P. Subramaniam was born to Padmanabha Pillai and Neelammal in Nagercoil, (present-day Kanyakumari District) on 19 February 1910. He joined college in Thiruvananthapuram for his intermediate course. He, however, did not complete the course as he got posted as a clerk in Trivandrum Water Works, the water authority.

At Trivandrum Water Works, the first order of installion of water supply came from Kowdiar Palace of the Travancore royal family. It was during this project that his hard work and honesty made an impression with members of the royal family and the Diwan of Travancore, Sir C. P. Ramaswami Iyer.

One year later, Subramaniam joined the government Stationery Department, where he continued to make an impression with the Diwan.

==Career==
===Business===
His connections with the Diwan and the royal household helped him quit his job and start his first business - a bus service in Thiruvananthapuram, the capital of erstwhile Travancore.

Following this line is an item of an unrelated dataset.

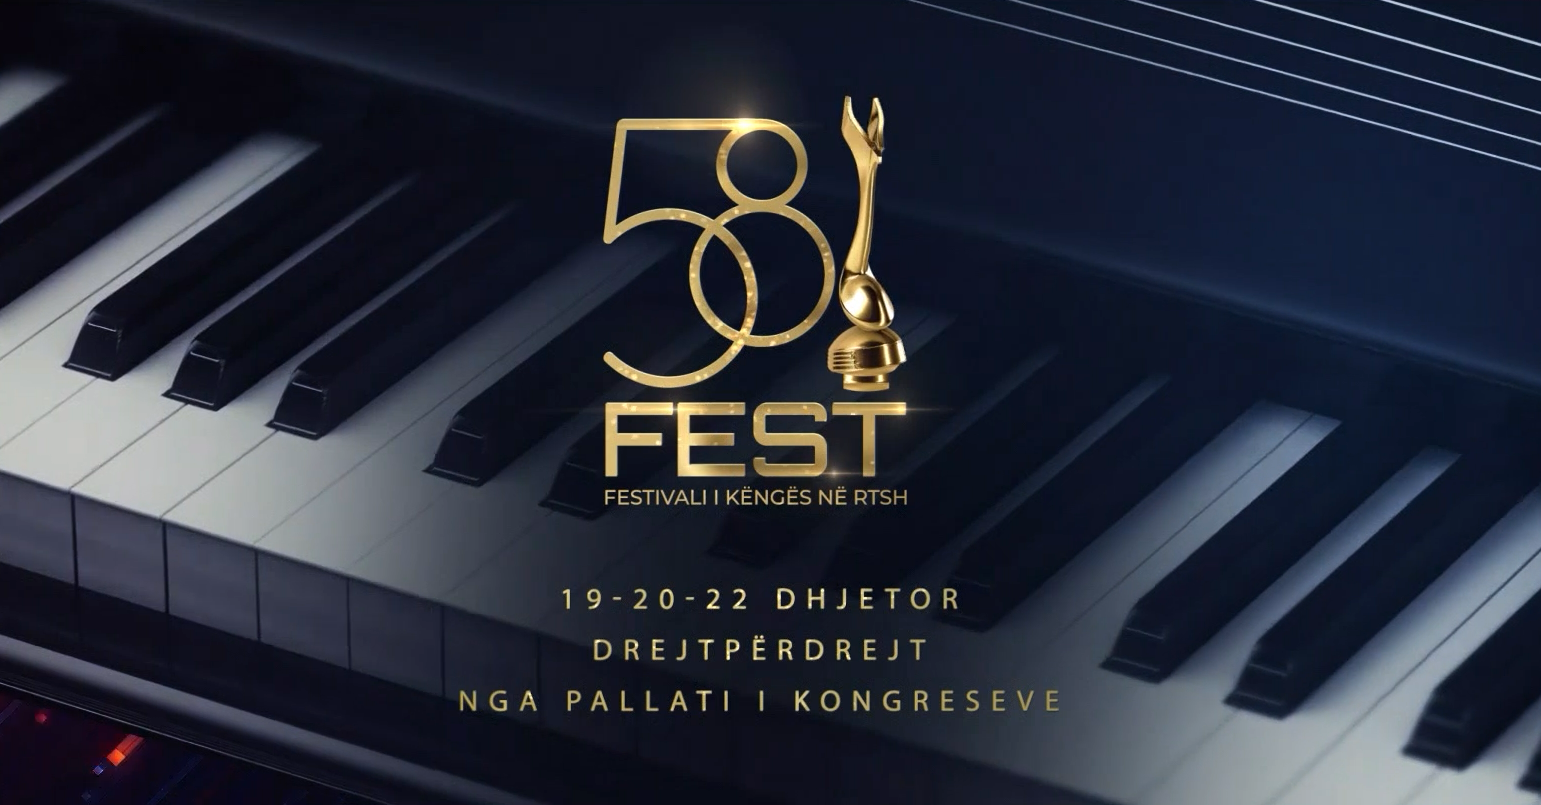 Tonight: Watch Festivali i Kenges kick off live from Tirana

Sir C. P. Ramaswami Iyer first helped him buy an eight-seater vehicle. Subramaniam later added two more buses to his fleet.

===Early productions===

When the Travancore government decided to start renovation works in and around Thampanoor railway station (Thiruvananthapuram Central station), the Diwan helped Subramaniam get a piece of marshy land near the railway station, on lease. Subramaniam decided to fill the marshy land and start a Theatre. Thus, 'New Theatre' came into being in Thiruvananthapuram. New Theatre is still a prominent cinema theatre in the city. Later on, he started two more theatres - one named Sreekumar and the other named Sree Vishakh. Among them, the former is a part of Malayalam film history as the theatre which witnessed the longest theatrical run of a Malayalam film - The evergreen Malayalam film Godfather, released in 1991, which ran 405 days in Sreekumar Theatre.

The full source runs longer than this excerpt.